Peace Coffee
- Company type: B Corporation
- Industry: Coffee
- Founded: 1996
- Headquarters: Minneapolis, Minnesota, United States
- Key people: Rigoberta Menchú Lee Wallace
- Products: Fair Trade Organic Coffee
- Owner: Lee Wallace, Kent Pilakowski
- Number of employees: 65
- Website: peacecoffee.com

= Peace Coffee =

Peace Coffee is an organization based in Minneapolis, Minnesota that sells organic, fair trade coffee. The company sells coffee through grocery, retail stores, food co-ops, and via the Internet. The organization operates throughout the United States with a strong presence in the Upper Midwest.

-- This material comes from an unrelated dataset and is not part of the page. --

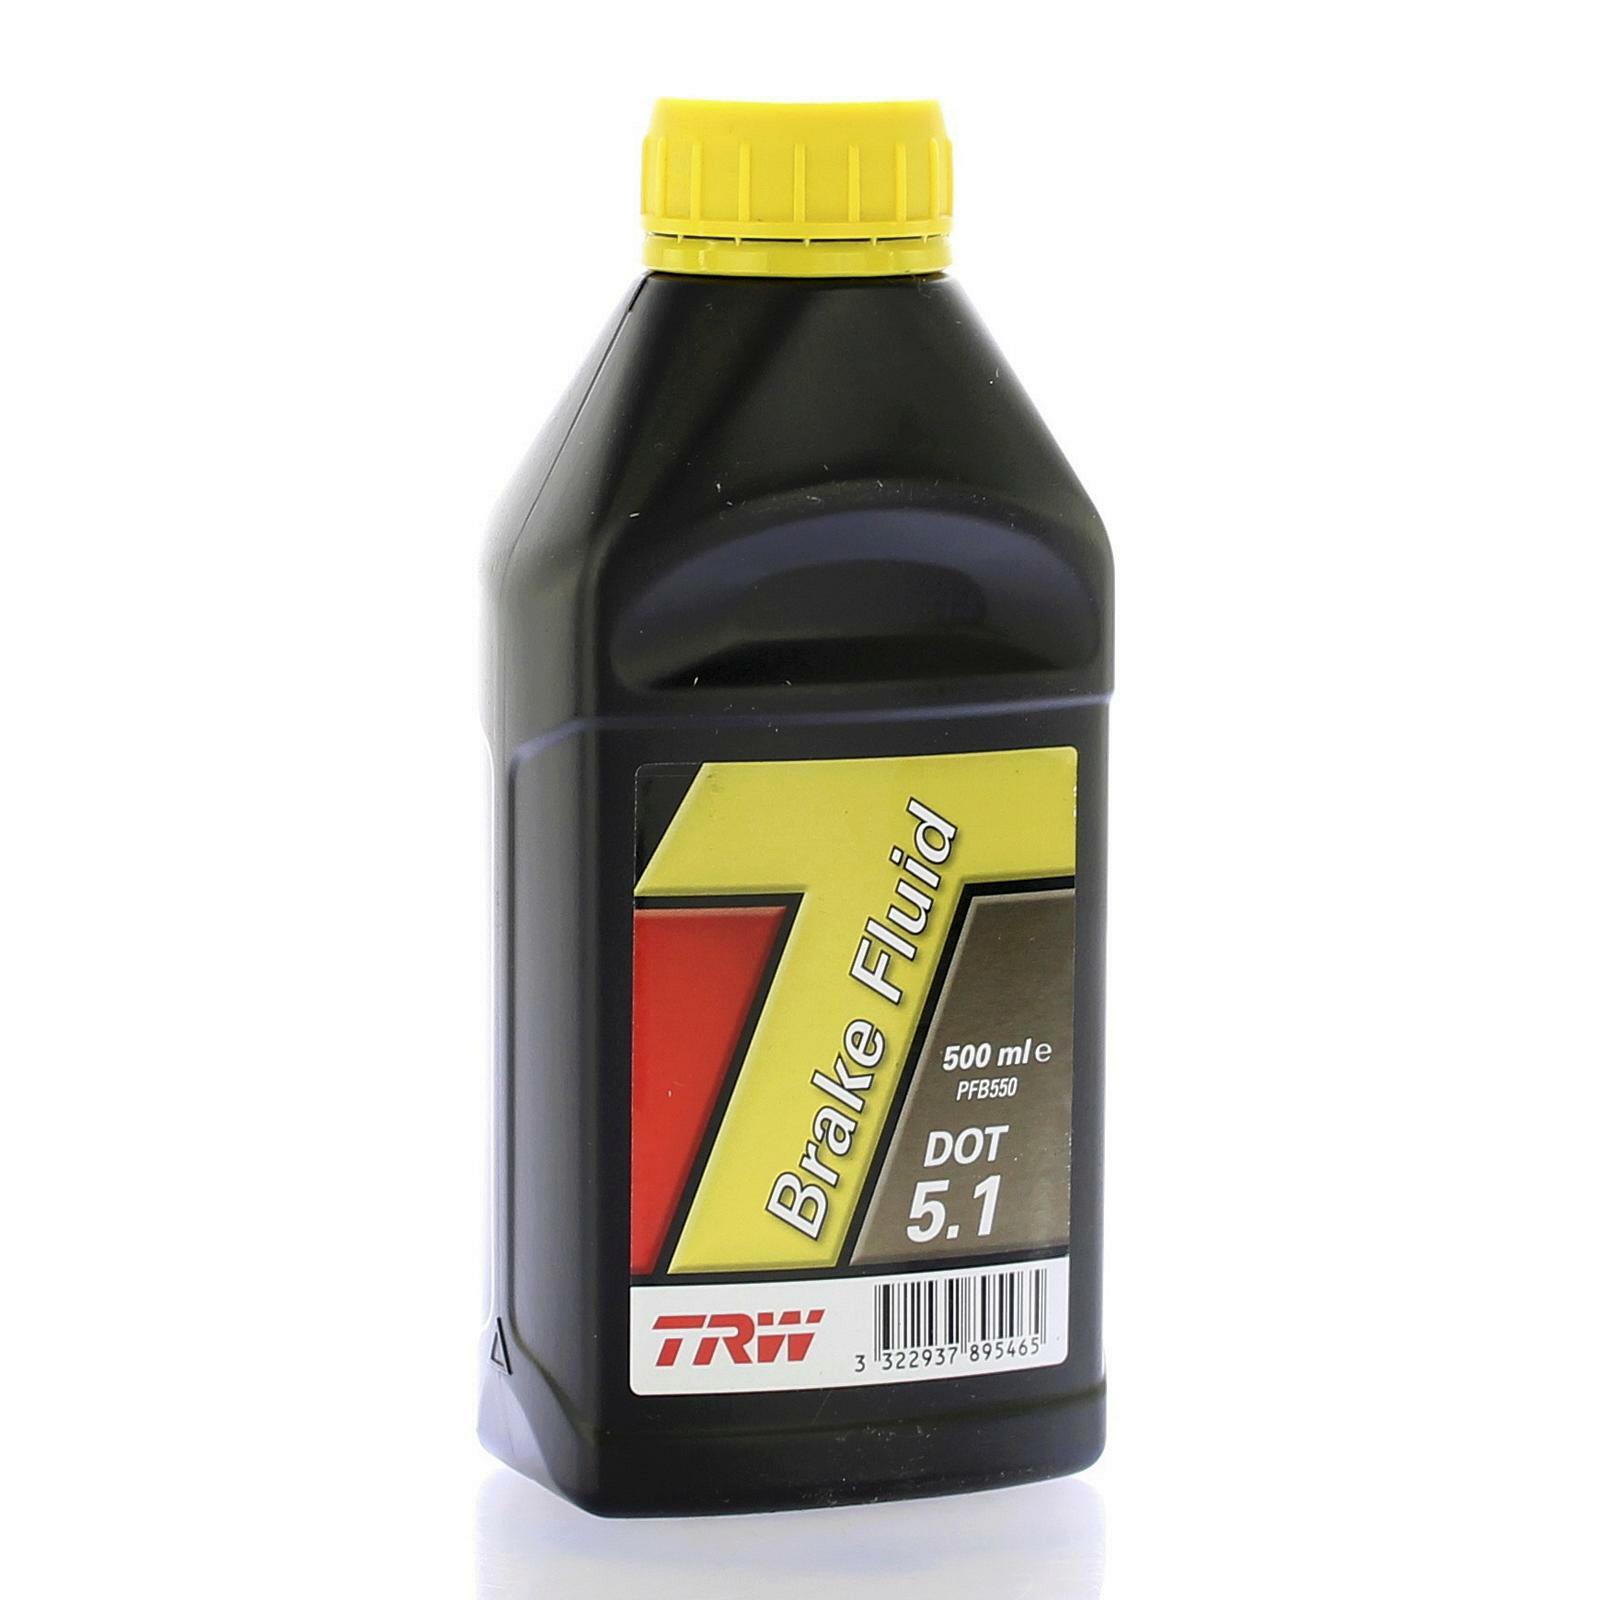 TRW Bremsflüssigkeit 500ml DOT 5.1

Peace coffee is one of 24 fair trade coffee roasters part of Cooperative Coffees.

==History==
Peace Coffee was formed by the Institute for Agriculture and Trade Policy in 1996 The company also partnered with Rigoberta Menchú. The idea for Peace Coffee came from Mexican coffee producers who had the goal of selling 100% certified organic and fair trade coffee. In 1999, Peace Coffee joined the group Cooperative Coffees. Currently, Cooperative Coffees has partnered with 20 different coffee-growing cooperatives in the countries of Mexico, Guatemala, Nicaragua, Peru, Ethiopia, and Rwanda.

In early 2018 the company was purchased from IATP by long time CEO Lee Wallace and her business partner, Kent Pilakowski.

==Coffee sourcing==
Peace Coffee sources coffee in two distinct ways.

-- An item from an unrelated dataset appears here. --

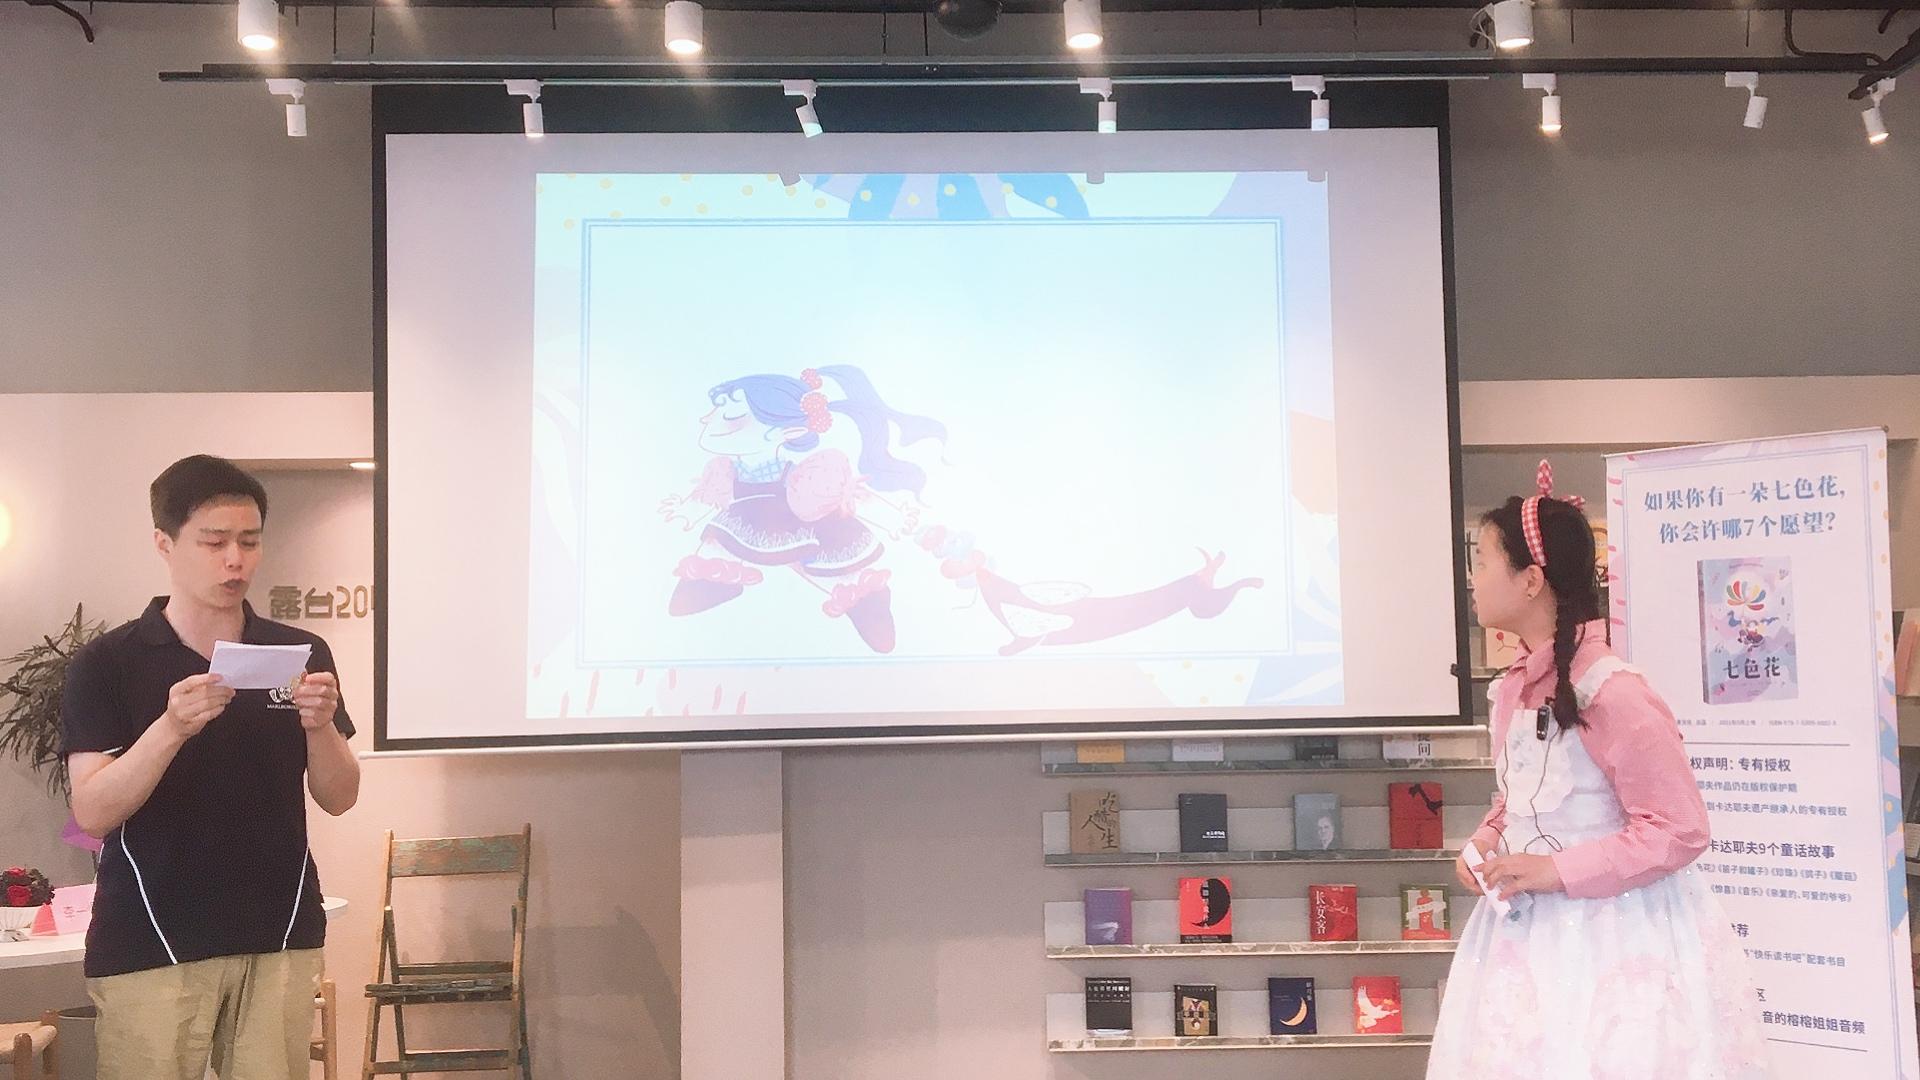 果麦文化获独家授权正版《七色花》隆重上市-出版人杂志官网

The organization partners with larger coffee-growing co-operatives that are fair-trade certified rather than individual farmers. Groups such as Oromia Coffee Farmers Cooperative Union, which have over 10,000 members, allow for economies of scale to exist while maintaining a farmer friendly attitude. Co-operatives are necessary due to the high scale of demand from a large company like Peace Coffee. The disadvantages of not working directly with these farmers include less direct control over farming practices such as harvesting and processing improvements. Although Peace Coffee does consistently travel the countries of origin, visiting their co-ops at least once every two years, they do not have the same influence on cup quality because of the larger number of growers.

Peace Coffee also founded its own coffee importing cooperative with other roasters in 1999. Since then, Peace Coffee has imported coffee from cooperative farming groups that support small-scale farmers around the world. Being an owner and importer gives the organization increased access and transparency in the supply chain.
Peace Coffee publishes contracts with its coffee farmers on its website Fair Trade Proof.

==Reception==
Peace Coffee received publicity after rapper/actor Ice Cube mentioned that he often made Peace Coffee in the morning in an interview with Bon Appétit magazine.

==Energy efficiency==
Peace Coffee has a mantra "pedal not petrol", which refers to the company's policy of using bicycle couriers to deliver their product to stores, coffee shops, and food co-ops. While the company uses the bicycle couriers within the cities, it purchased a biodiesel van for deliveries to the suburbs and out of state.